In Windows SharePoint Services 3.0, access to Web sites, lists, folders, and list items is controlled through a role-based membership system by which users are assigned to roles that authorize their access to Windows SharePoint Services objects.
To give a user access to an object, you can either adding the user to a group that already has permissions on the object, or create a role assignment object, setting the user for the role assignment, optionally binding the role assignment to the appropriate role definition with base permissions, and then adding the assignment to the collection of role assignments for the list item, folder, list, or Web site. If you do not bind the role assignment to a role definition when assigning a user to a role, the user has no permissions.
Windows SharePoint Services provides the following ways to control access to its objects:
- Objects can either use the same permissions as the parent Web site, list, or folder, inheriting both the roles and users available on the parent object, or they can use unique permissions.
- Sites, lists, folders, and items each provide role assignment collections, allowing fine management of user access to objects.

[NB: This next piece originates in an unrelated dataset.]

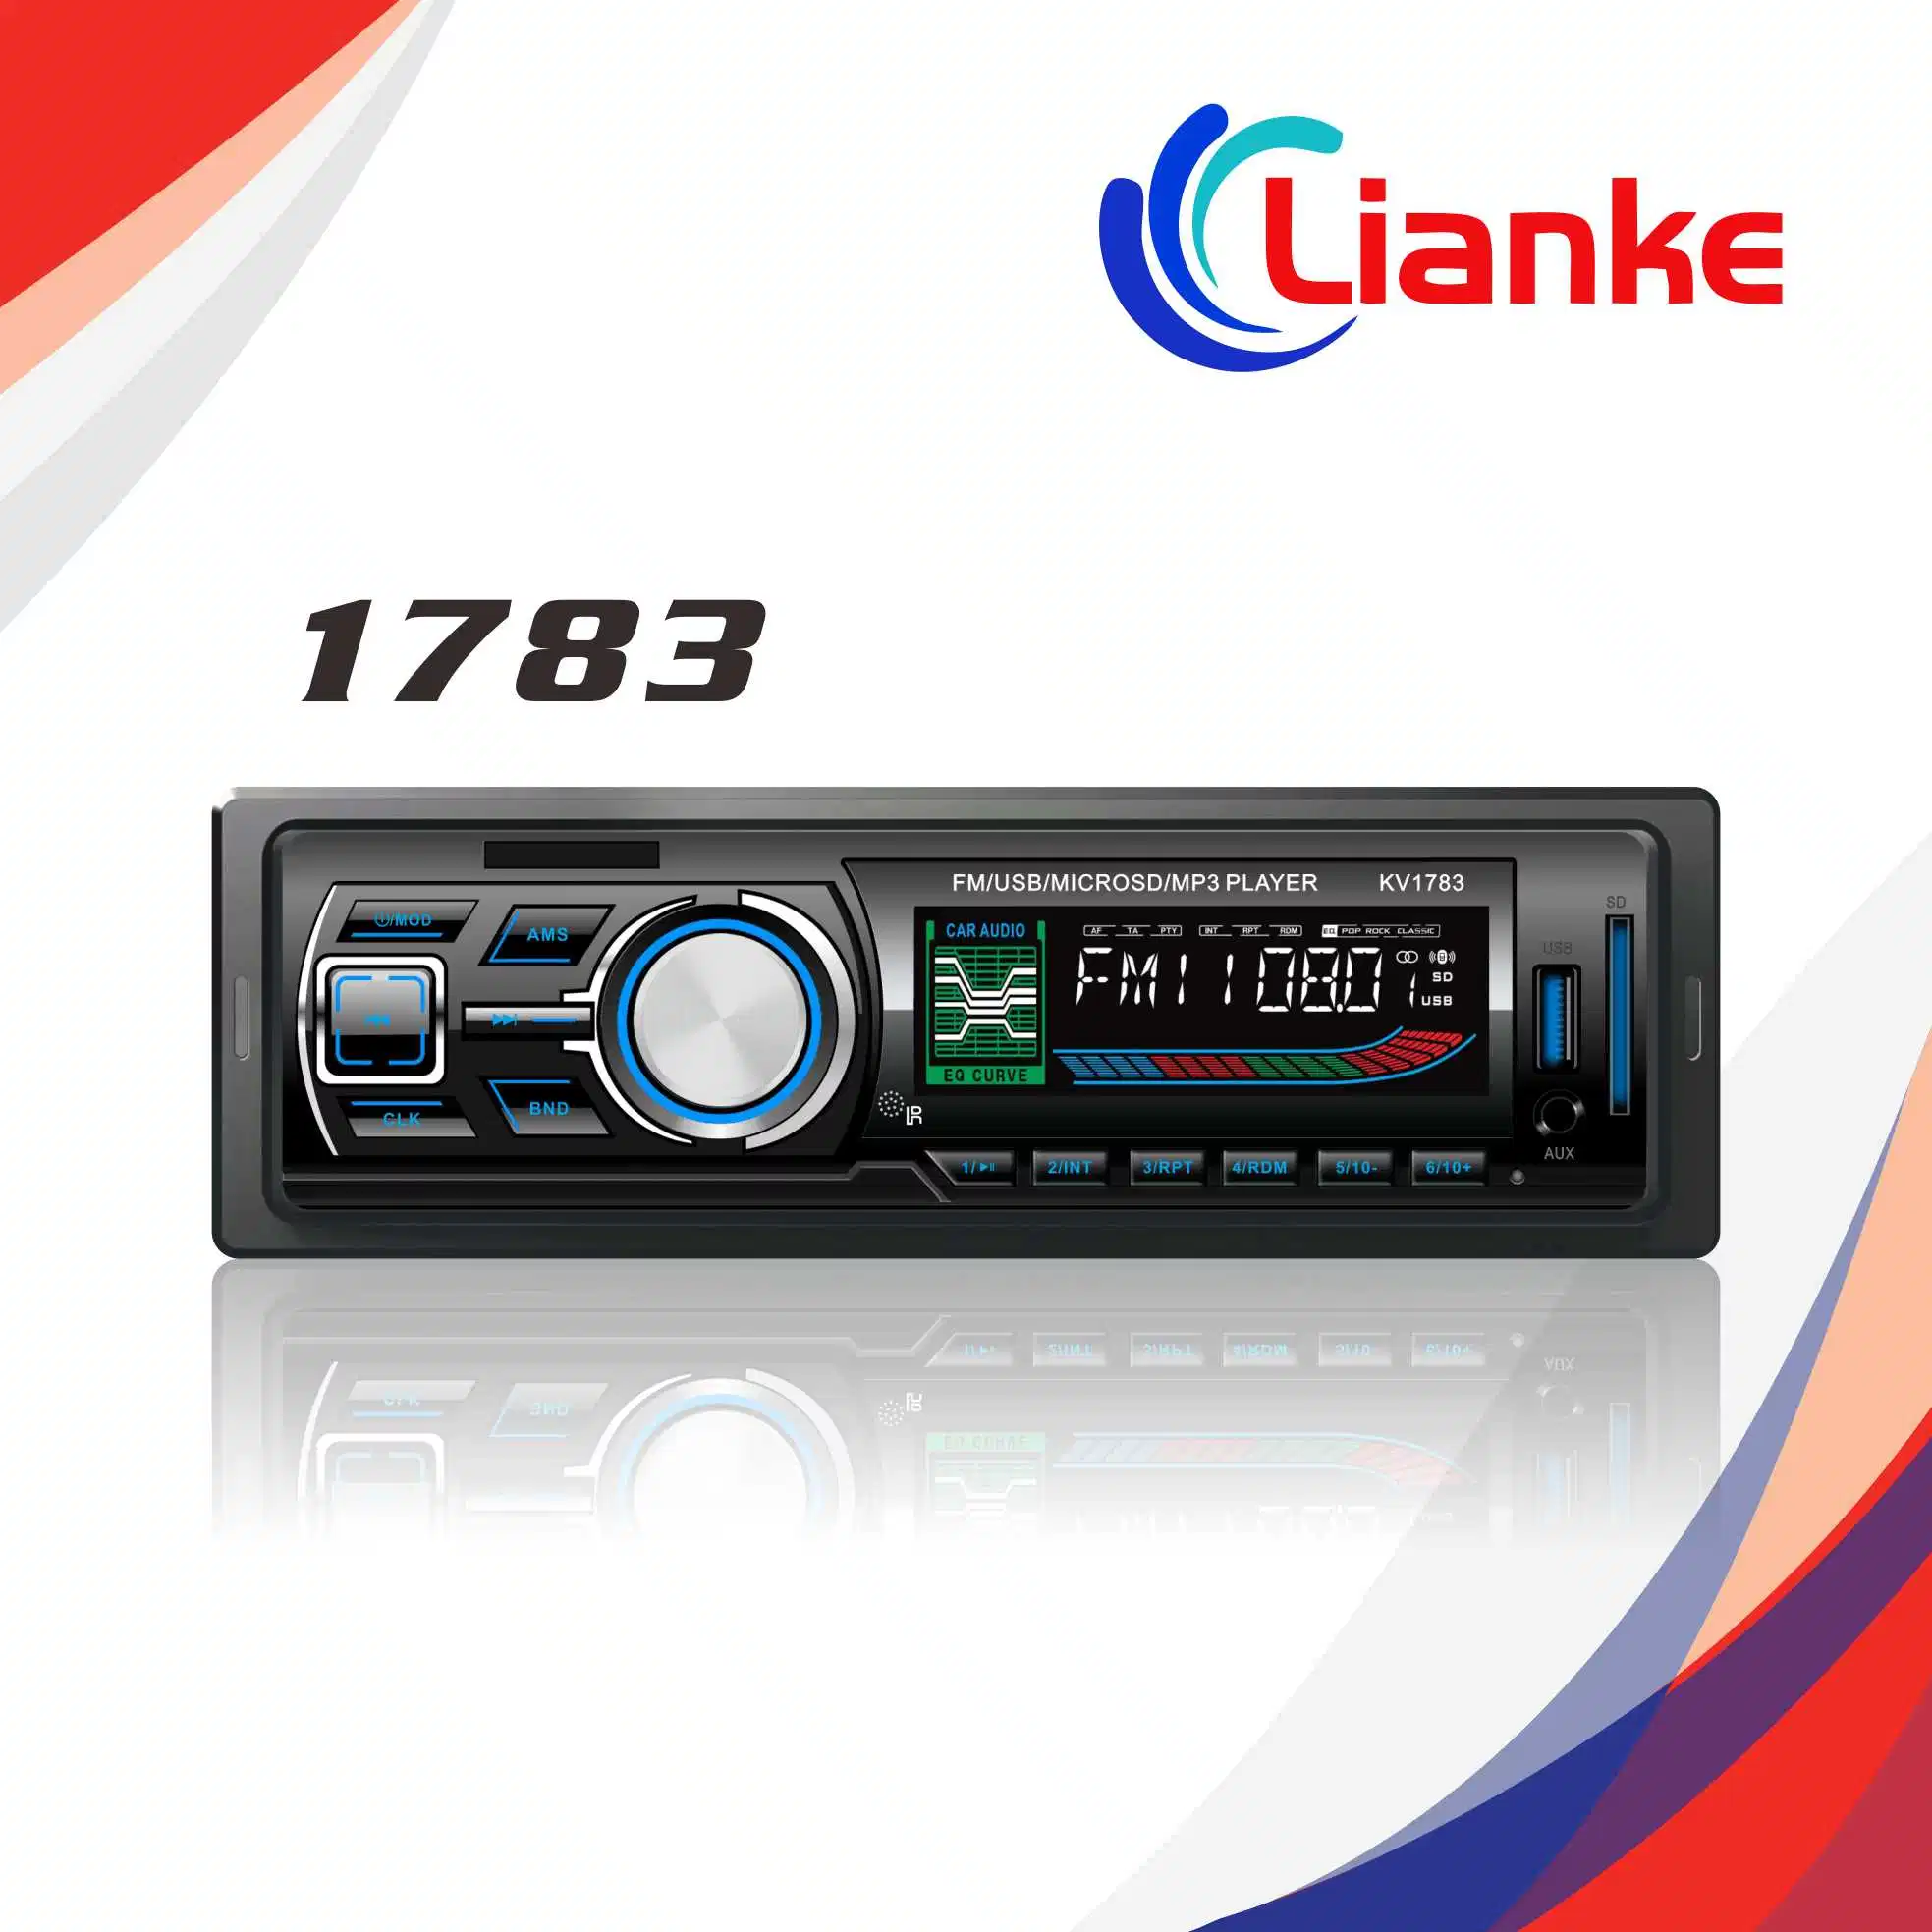 Hot Sale Panel Single DIN Car FM MP3 Radio/1783b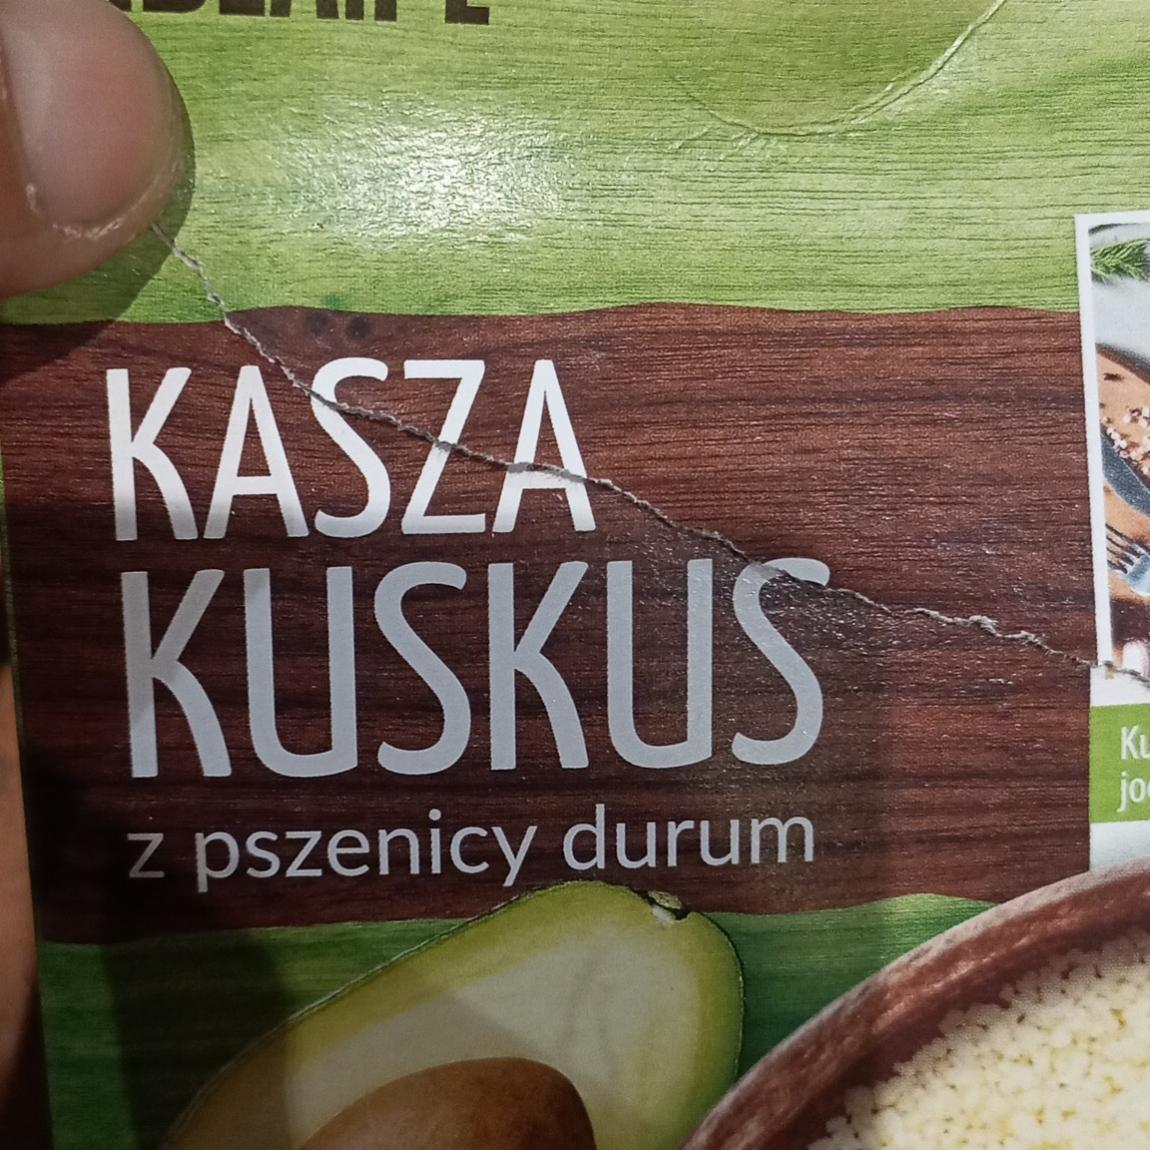 Фото - Kasza kuskus kuchnia Lidla.pl

- In Windows SharePoint Services 3.0, there is only one kind of group, previously called a cross-site group. Groups consist of users, and may or may not be assigned to roles. Windows SharePoint Services includes the following three groups, by default:
- owners (administrator)
- members (contributor)
- visitors (reader)
When you create a Web site with unique permissions through the user interface, you are directed to a page where you can assign users to these groups as part of provisioning the site.
- Anonymous access allows users to contribute anonymously to lists and surveys, or to view pages anonymously. You can also grant access to "all authenticated users" to allow all members of your domain to access a Web site without having to enable anonymous access.
- Site creation rights (CreateSSCSite and ManageSubwebs) control whether users can create top-level Web sites, subsites, or workspaces.
Users become members of a SharePoint object either indirectly through a group that has a role assignment, or directly through a role assignment. In addition, users can be members of a Microsoft Windows NT Domain Group that is added to a group or to a role. A role definition associates a user or group with a single right or set of rights corresponding to values of the
Microsoft.SharePoint.SPBasePermissions enumeration. Each user or group has a unique member ID.
You can use the object model to create or modify role assignments and definitions differently than you can via the functionality of the files addrole.aspx and editrole.aspx. Unlike these pages presented in the UI, the object model does not enforce rights dependency, so you can create a role definition with an arbitrary combination of rights. However, plan carefully when using the object model to customize role definitions and permissions, because a poorly conceived role definition and inappropriately assigned rights can lead to an unpleasant user experience.
For more information about Windows SharePoint Services rights, see SPBasePermissions.
You will need to install the Windows SharePoint Services 3.0 SDK
A security policy provides a means to enforce uniform security throughout all site collections within a Web application (virtual server). Through a policy, you can assign a role, or collection of rights, to individual Windows SharePoint Services users, and to domain groups using Windows authentication or pluggable authentication systems, but not to SharePoint groups. Each policy entry specifies rights for a user or group in the Web application.
Policy is set at the logical Web application or zone level. A user can have, for example, different policies on http://Server and http://Server.extranet.microsoft.com, even if the two Web applications have the same content.
Rights can be granted or denied via policies. Granting a right gives that right to the user or group on all secured objects within the Web application regardless of local permissions on the object. Denying a right trumps granting the right, actively blocking that right for the user or group on all secured objects within the Web application. Denying all for a user prevents that user from accessing any content, even if the user has explicit permissions on specific content: a policy overrides site-level permissions.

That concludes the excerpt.